→ ABOUT THIS TASK: Nothing in the entries below may be altered; print them as they stand.

→ PROVIDED DATA:
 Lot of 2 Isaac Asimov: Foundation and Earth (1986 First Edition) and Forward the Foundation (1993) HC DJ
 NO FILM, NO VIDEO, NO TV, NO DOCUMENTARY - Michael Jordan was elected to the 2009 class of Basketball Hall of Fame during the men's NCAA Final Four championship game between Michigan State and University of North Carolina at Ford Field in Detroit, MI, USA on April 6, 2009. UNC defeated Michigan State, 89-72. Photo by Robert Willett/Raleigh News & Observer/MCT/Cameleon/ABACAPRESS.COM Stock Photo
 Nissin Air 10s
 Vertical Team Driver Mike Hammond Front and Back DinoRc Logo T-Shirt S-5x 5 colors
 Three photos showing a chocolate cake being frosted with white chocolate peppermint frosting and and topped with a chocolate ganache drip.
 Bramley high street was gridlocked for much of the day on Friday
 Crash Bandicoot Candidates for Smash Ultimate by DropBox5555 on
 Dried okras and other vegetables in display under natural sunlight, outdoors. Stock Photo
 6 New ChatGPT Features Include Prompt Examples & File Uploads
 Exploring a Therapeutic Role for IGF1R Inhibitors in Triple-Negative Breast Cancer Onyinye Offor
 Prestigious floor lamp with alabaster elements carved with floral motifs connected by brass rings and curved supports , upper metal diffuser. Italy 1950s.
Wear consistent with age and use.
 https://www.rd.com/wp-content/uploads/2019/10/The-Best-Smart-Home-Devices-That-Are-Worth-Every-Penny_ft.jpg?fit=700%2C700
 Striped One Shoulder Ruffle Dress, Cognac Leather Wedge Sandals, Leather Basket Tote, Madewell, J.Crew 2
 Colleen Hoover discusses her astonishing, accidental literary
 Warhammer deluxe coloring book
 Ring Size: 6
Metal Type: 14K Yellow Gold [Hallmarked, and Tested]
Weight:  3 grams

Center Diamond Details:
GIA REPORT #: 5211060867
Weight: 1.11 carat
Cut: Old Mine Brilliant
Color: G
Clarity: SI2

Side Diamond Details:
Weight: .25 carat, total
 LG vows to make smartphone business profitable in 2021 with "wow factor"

→ YOUR SOLUTION:
 Lot of 2 Isaac Asimov: Foundation and Earth (1986 First Edition) and Forward the Foundation (1993) HC DJ
 NO FILM, NO VIDEO, NO TV, NO DOCUMENTARY - Michael Jordan was elected to the 2009 class of Basketball Hall of Fame during the men's NCAA Final Four championship game between Michigan State and University of North Carolina at Ford Field in Detroit, MI, USA on April 6, 2009. UNC defeated Michigan State, 89-72. Photo by Robert Willett/Raleigh News & Observer/MCT/Cameleon/ABACAPRESS.COM Stock Photo
 Nissin Air 10s
 Vertical Team Driver Mike Hammond Front and Back DinoRc Logo T-Shirt S-5x 5 colors
 Three photos showing a chocolate cake being frosted with white chocolate peppermint frosting and and topped with a chocolate ganache drip.
 Bramley high street was gridlocked for much of the day on Friday
 Crash Bandicoot Candidates for Smash Ultimate by DropBox5555 on
 Dried okras and other vegetables in display under natural sunlight, outdoors. Stock Photo
 6 New ChatGPT Features Include Prompt Examples & File Uploads
 Exploring a Therapeutic Role for IGF1R Inhibitors in Triple-Negative Breast Cancer Onyinye Offor
 Prestigious floor lamp with alabaster elements carved with floral motifs connected by brass rings and curved supports , upper metal diffuser. Italy 1950s.
Wear consistent with age and use.
 https://www.rd.com/wp-content/uploads/2019/10/The-Best-Smart-Home-Devices-That-Are-Worth-Every-Penny_ft.jpg?fit=700%2C700
 Striped One Shoulder Ruffle Dress, Cognac Leather Wedge Sandals, Leather Basket Tote, Madewell, J.Crew 2
 Colleen Hoover discusses her astonishing, accidental literary
 Warhammer deluxe coloring book
 Ring Size: 6
Metal Type: 14K Yellow Gold [Hallmarked, and Tested]
Weight:  3 grams

Center Diamond Details:
GIA REPORT #: 5211060867
Weight: 1.11 carat
Cut: Old Mine Brilliant
Color: G
Clarity: SI2

Side Diamond Details:
Weight: .25 carat, total
 LG vows to make smartphone business profitable in 2021 with "wow factor"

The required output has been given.